Not necessarily Fe, but Fe is your guess regardless. :tongue:

But, yeah, agreed.


----------



## LibertyPrime (Dec 17, 2010)

Word Dispenser said:


> Not necessarily Fe, but Fe is your guess regardless. :tongue:
> 
> But, yeah, agreed.


o.o I guessed Fe, because he is expressive and dramatic, but his concern for social issues means he is social first, wasn't sure which one made you think its Fe, so that's why.


----------



## -Alpha- (Dec 30, 2013)

I believe my opinion on the subject would be biased due to my long running theory that Rap and Hip-Hop is primarily dominated by Ni-Se/Se-Ni, so I'm likely to skew my answers in favor of anything that confirms that theory.
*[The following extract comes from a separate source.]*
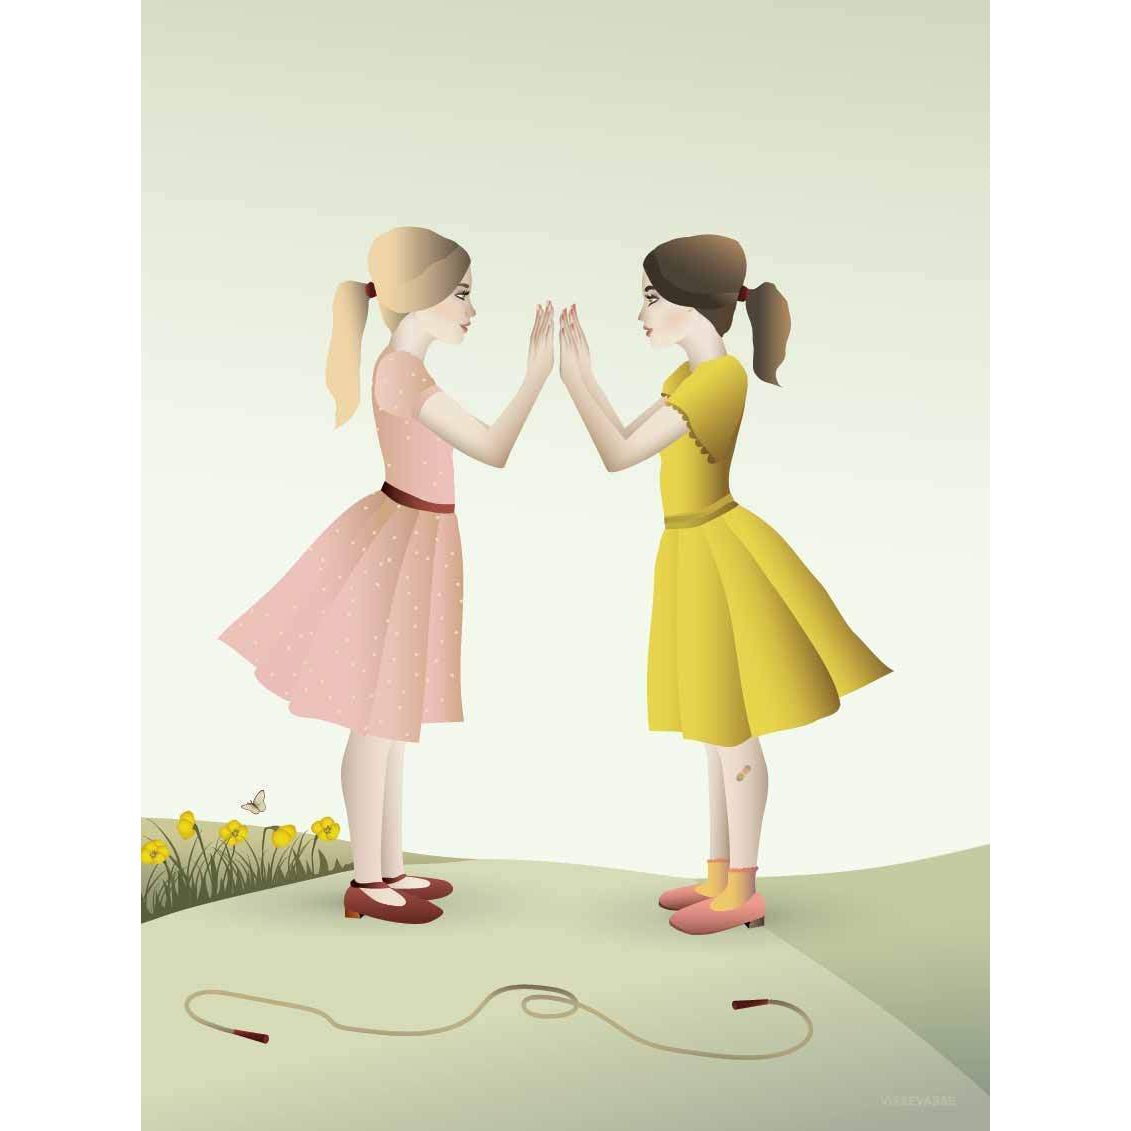 Vissevasse Hand klatschende Mädchenplakat, 15 x21 cm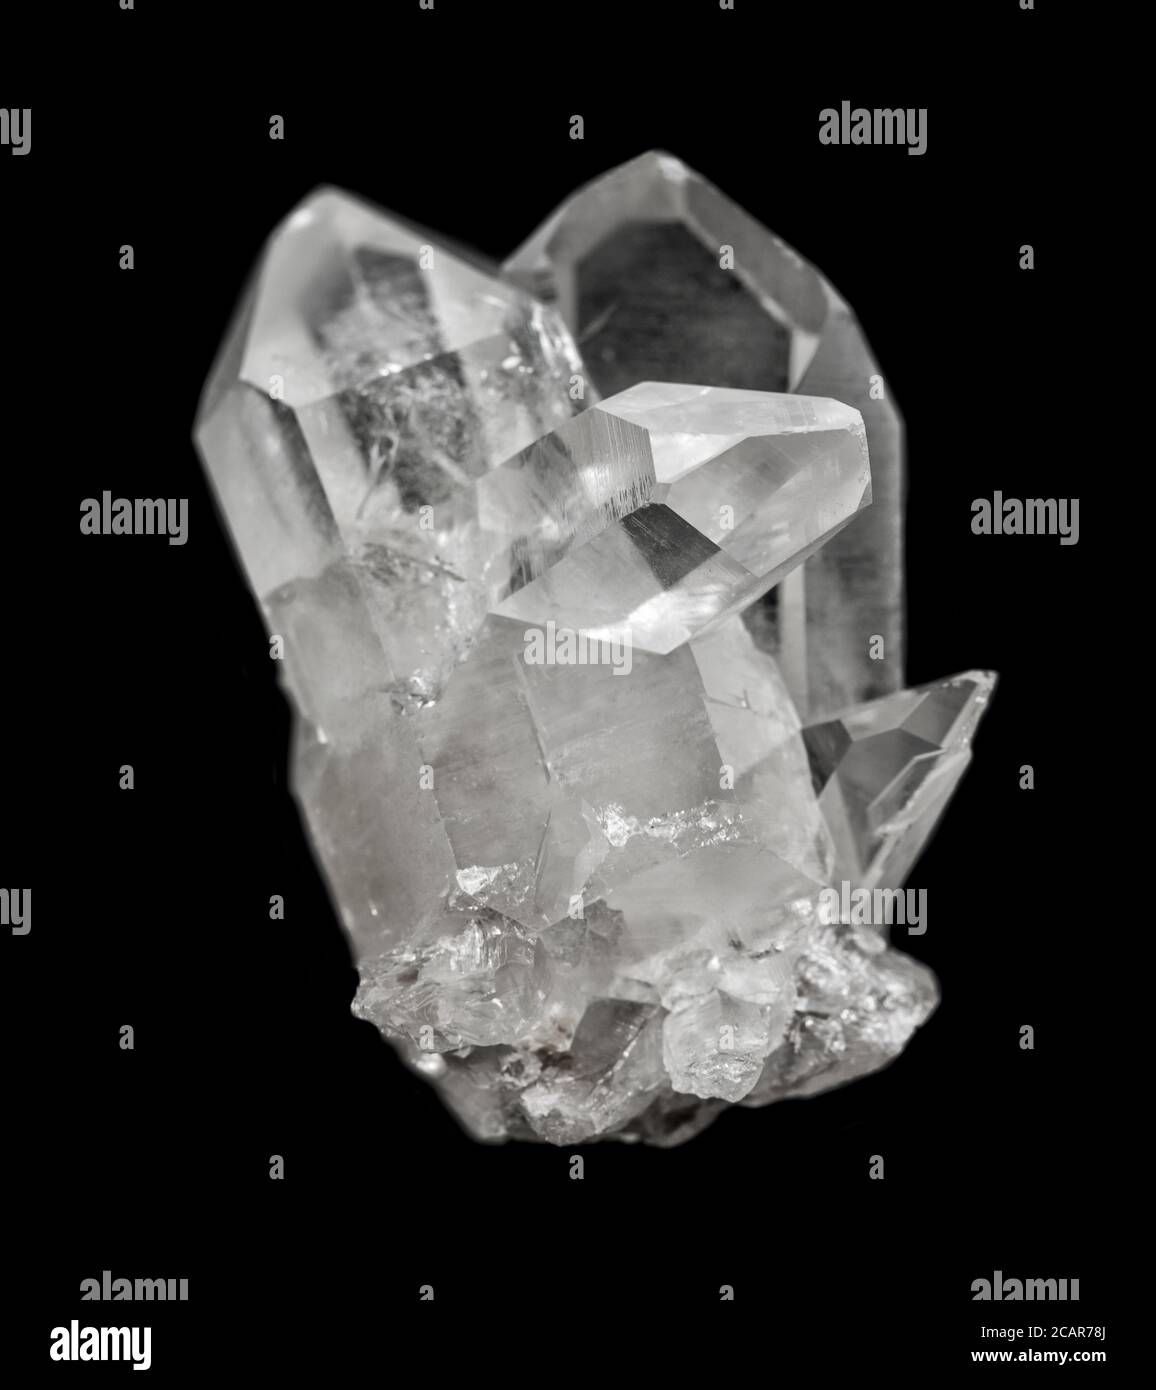 Gruppo di diversi cristalli di roccia trasparenti da vicino, isolati su uno sfondo nero Foto Stock

That said, based on lyrical content concerning other people as we see in favorites like 'Ghetto Gospel' and, though it was prominent in that time period his constant representation of the west coast as opposed to just himself, I'm REALLY inclined to believe EIE,


----------



## Kintsugi (May 17, 2011)

ENFj. Pretty obvious. He's so fucking melodramatic.


----------



## Ollyx2OxenFree (Feb 2, 2012)

Beta, Ni>Se. IEI-Fe. And idk about so first, sort of seems sx/so but maybe it's the Beta.


----------



## cyamitide (Jul 8, 2010)

Word Dispenser said:


> Can we at least say Fe ? I'm seeing Fe. Is that crazy?


Tupac is listed as IEI-Fe in the socionix gallery: Fe-INFp


----------